I've used the filter effects for a lot of really useful applications. I'm always surprised though that sepia is an offered filter. It seems pretty kitsch and not that useful, it is effectively grayscale with an additive color overlay of only one color. I don't mind that it is there, but it doesn't seem like a primitive operation like the rest. Perhaps if you could change the overlay then it'd be a lot more useful.


These css effects are pretty cool. But front-enders beware, they can be supersuper slow when trying to animate or even scroll (especially on mobile). If you want to use blurred images let a server do the burring for you.


Or blur with canvas, so you only do the client-side operation once?


Yea, they seem to be too expensive to use for full page effects, but I haven't found them to impact performance if used with parsimony on a few select elements with no children.


In Safari, the blur effect should not extend over the boundaries of the object.

Is that a bug or a feature?

Btw, there are some interesting ideas for sliding captchas.


There overflow: hidden; on one of the its parents, so you'd assume that it shouldn't blur outside of the parent container. I'd call that a bug.


[Spec](http://dev.w3.org/fxtf/filters/#filter-region-for-shorthands) hints at this being expected behavior:

“Furthermore, if a shorthand filter expands this visible area like it is the case for <blur()> or <drop-shadow()> the filter region must cover this area as well.”

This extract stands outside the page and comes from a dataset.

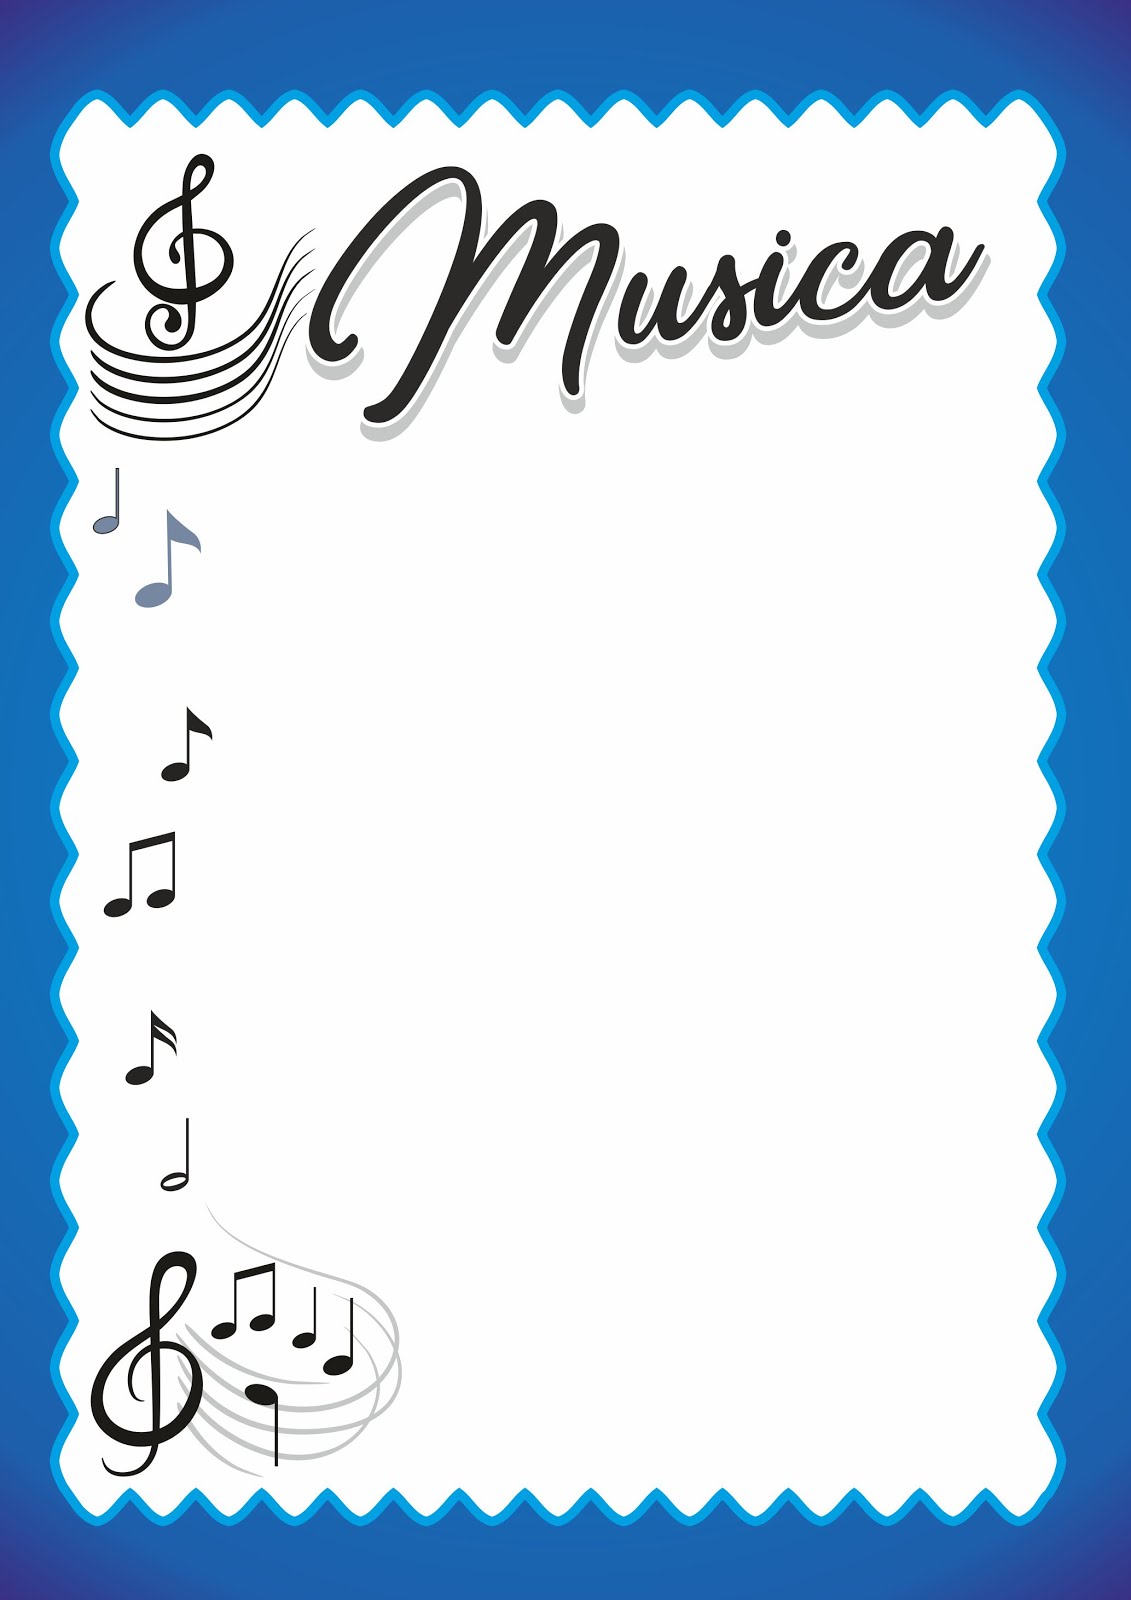 carátula de música | Recursos Educativos para Maestros

Firefox behaves the same way AFAICT. http://i.imgur.com/YCygCb7.png


I had way too much fun sliding the Hue Rotation back and forth to create Disco Kitty. Thanks for sharing, I knew about blur and opacity but the rest of these were new to me.

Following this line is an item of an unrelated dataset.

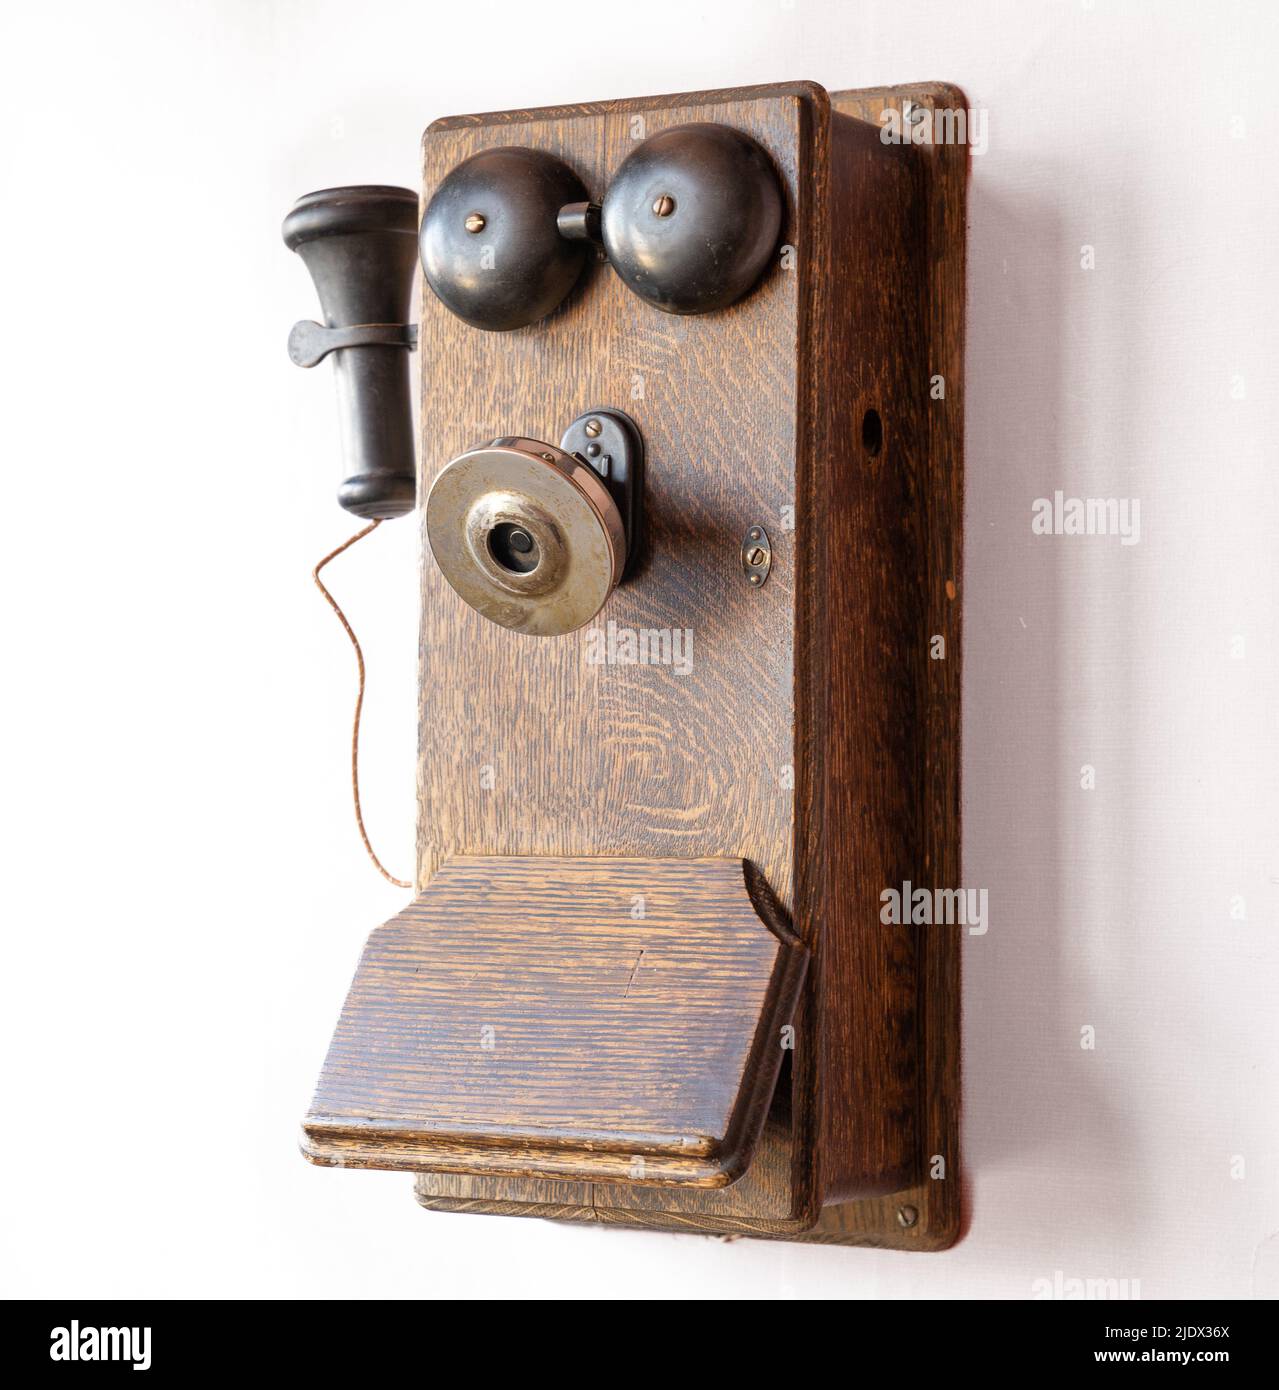 Antiguo teléfono de madera obsoleta montado en la pared Foto de stock

This could be the new blink tag!


CSS filters are cool! I also made something similar few months back: http://lalwanivikas.github.io/image-editor/


I'm wondering why the greyscale and saturation filters were both necessary. greyscale(0) == saturation(1.0) and greyscale(1.0) == saturation(0.0), with afaik a linear scaling between either.


Now what would be really cool is the ability to define a filter function in JS callable from the CSS. Of course one can do that with canvas.


Cool stuff. Alternatively you could embed images in SVG and apply SVG filters, but it's quite more complicated.


Small typo on "Hue Roatate" FYI


Fixed it, thanks!


These are cool, but seems like in cases where you want to blur something out on an image you should do so in photoshop on the actual image and not with css. Otherwise someone could just use element inspector to delete the blur effect.


In those cases you are correct, but what if you're building a cloud based SAAS that lets users manipulate photos, then save the result? This stuff has a lot of uses.


Is there any difference between opacity and filter: opacity ?


As far as I know, there's no difference in the outcome. Opacity is handled by most browsers through hardware and I would imagine the filter method does the same. I would hope they are handled the same because it would seem wasteful to have two methods that do the same thing.

Somewhat useless thought, opacity and the opacity filter can be combined on the same element. If one is set to zero it makes the other irrelevant. If one is set to 100% then it makes itself irrelevant.


Pretty cool. It's simple way to test effects.


Doesn't seem to work with firefox/linux.


It does. FF 36 on CentOS 6.6.


Works on ff 37.0.2


And on Firefox for Android. Blur is very slow, though.


Could be that the blurring isn't being handled by the GPU. CSS 3D-transforms are usually added as a work-around when we want a smoother performance for certain elements by forcing that extra rendering step.